Старший холодно проговорил:
— И лишишься головы. Превосходно. Ради игрушки ты готов поставить Дом под удар. После столь вопиющей глупости выжившие Лисы навсегда потеряют возможность приблизиться к Эйя. — Помолчал и сказал тяжело:
— Забудь, Ханари. Красивых много. А игрушки Солнечного — не для тебя.
— Красивых — много, — эхом откликнулся Ханари. — Думаешь, он берет красотой? Плохо ты меня знаешь, брат. Если бы только… Он просто другой. Хочется взять — и не отпускать, как раковина — моллюска, и створки сомкнуть, чтобы никуда не смотрел, чтобы случайный луч не коснулся.
Старший, словно в молитве, возвел глаза к небу.
Благословенный начал часто ловить себя на странной слабости. Порою казалось, что вот-вот поделится мыслями с этим, тихим, похожим на стебелек черного ковыля, как делился с Тооши. Смешно было бы их равнять, но мальчишка думать умел. И говорить не боялся, если позволяли. Многое понимал, хотя не знал ничего: лицемерие видел и от честности отличал, неуверенность, страх ли — все, с чем приходили в покои Благословенного те, кого допускал повелитель. На Йири внимания не обращали — мало ли кто лээ принес или светильник зажег.

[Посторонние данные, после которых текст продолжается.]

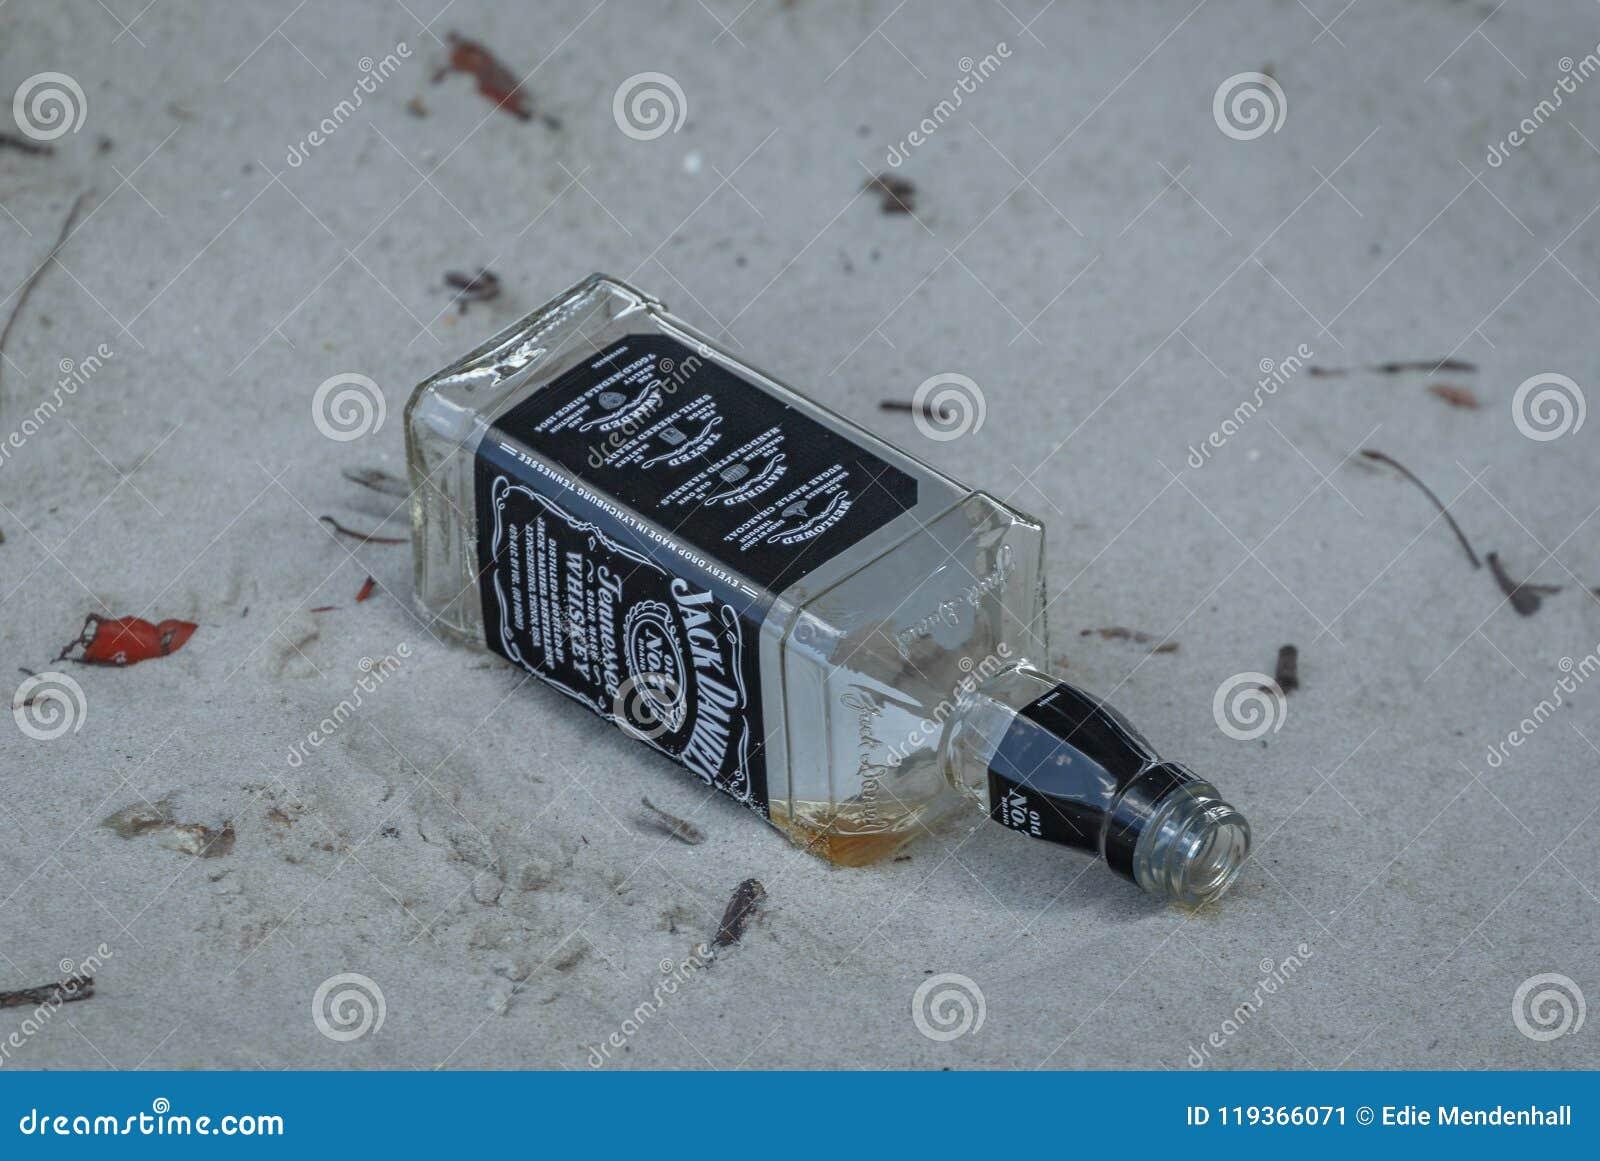 Arena de Jack Daniels Bottle Empty In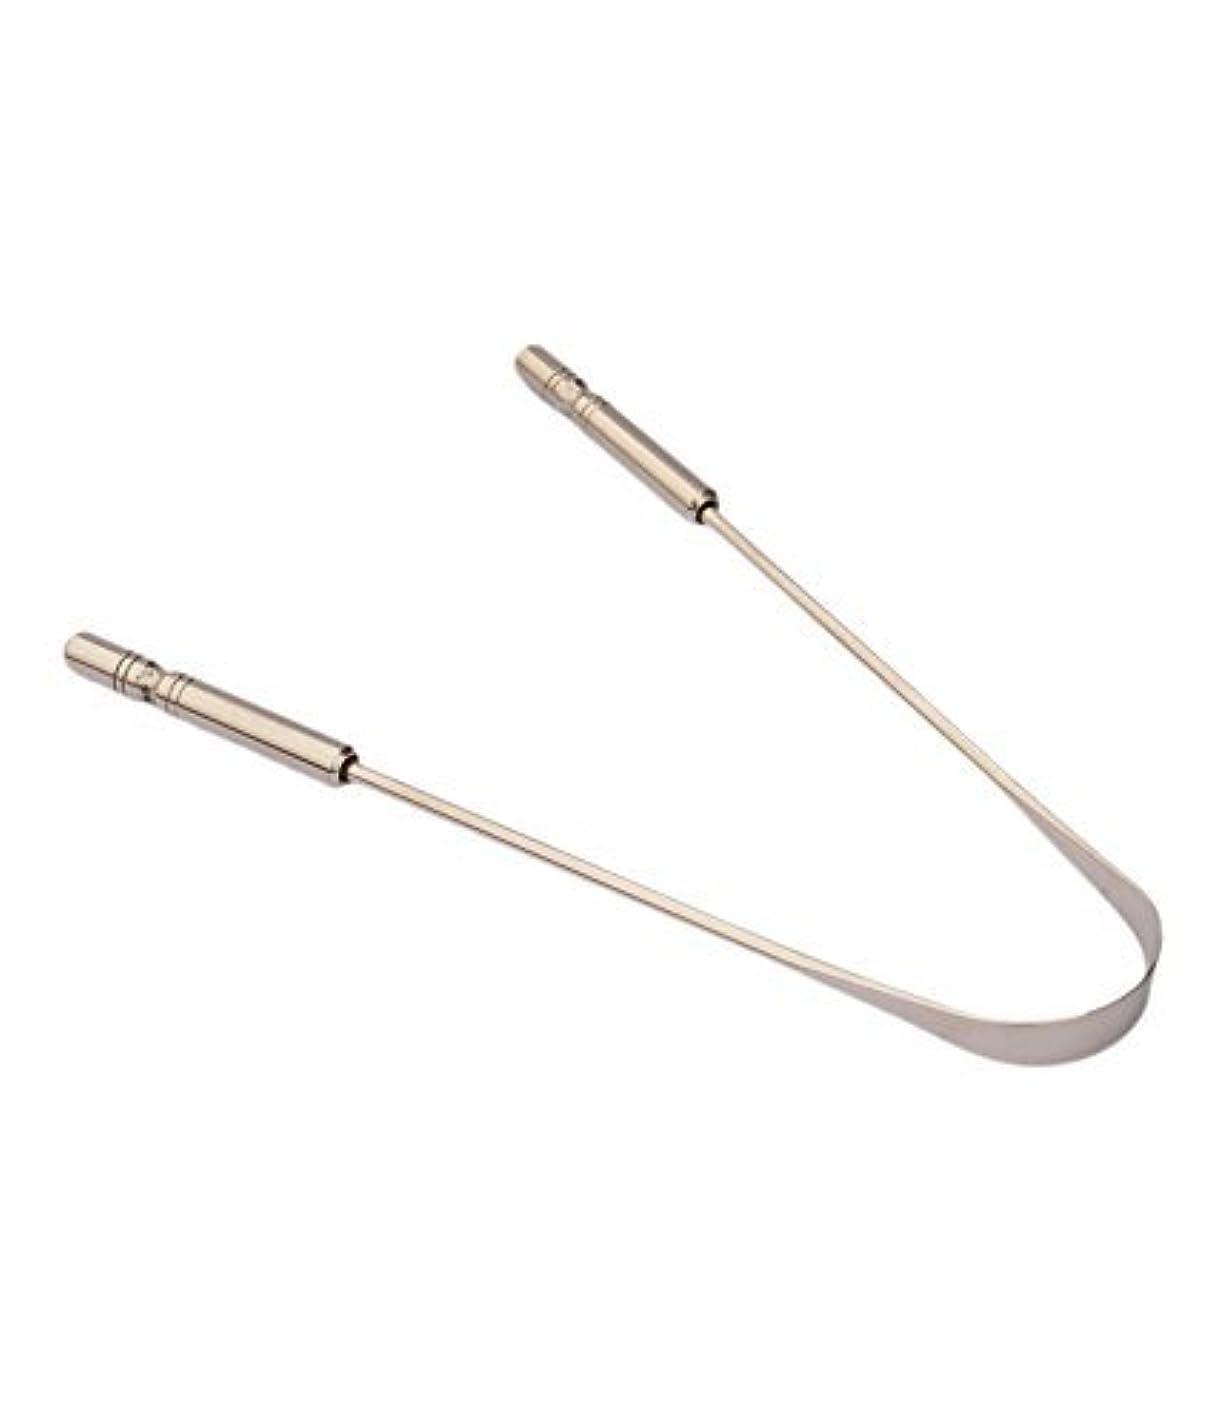 市場考えた不信2 Pcs Absolute Ayurvedic Tongue Cleaner (Stainless Steel) for Men and Women Oral Care Recommended By Professional...

…А после — сжимался комочком среди шелковых покрывал или замирал на циновке и отвечал на вопросы, проницательностью порой пугая Солнечного. Уж он-то знал своих подданных… И чаще беседовал с Йири, порою жалея о произнесенных словах.
Но за собственное сожаление платить Йири не заставлял.
— Брат просил передать это лично в руки, — Ханари низко склонился. Зал, где по делам принимали избранных, был светлым — цвета кленовой древесины. Украшений тут было мало — приходили не развлекаться.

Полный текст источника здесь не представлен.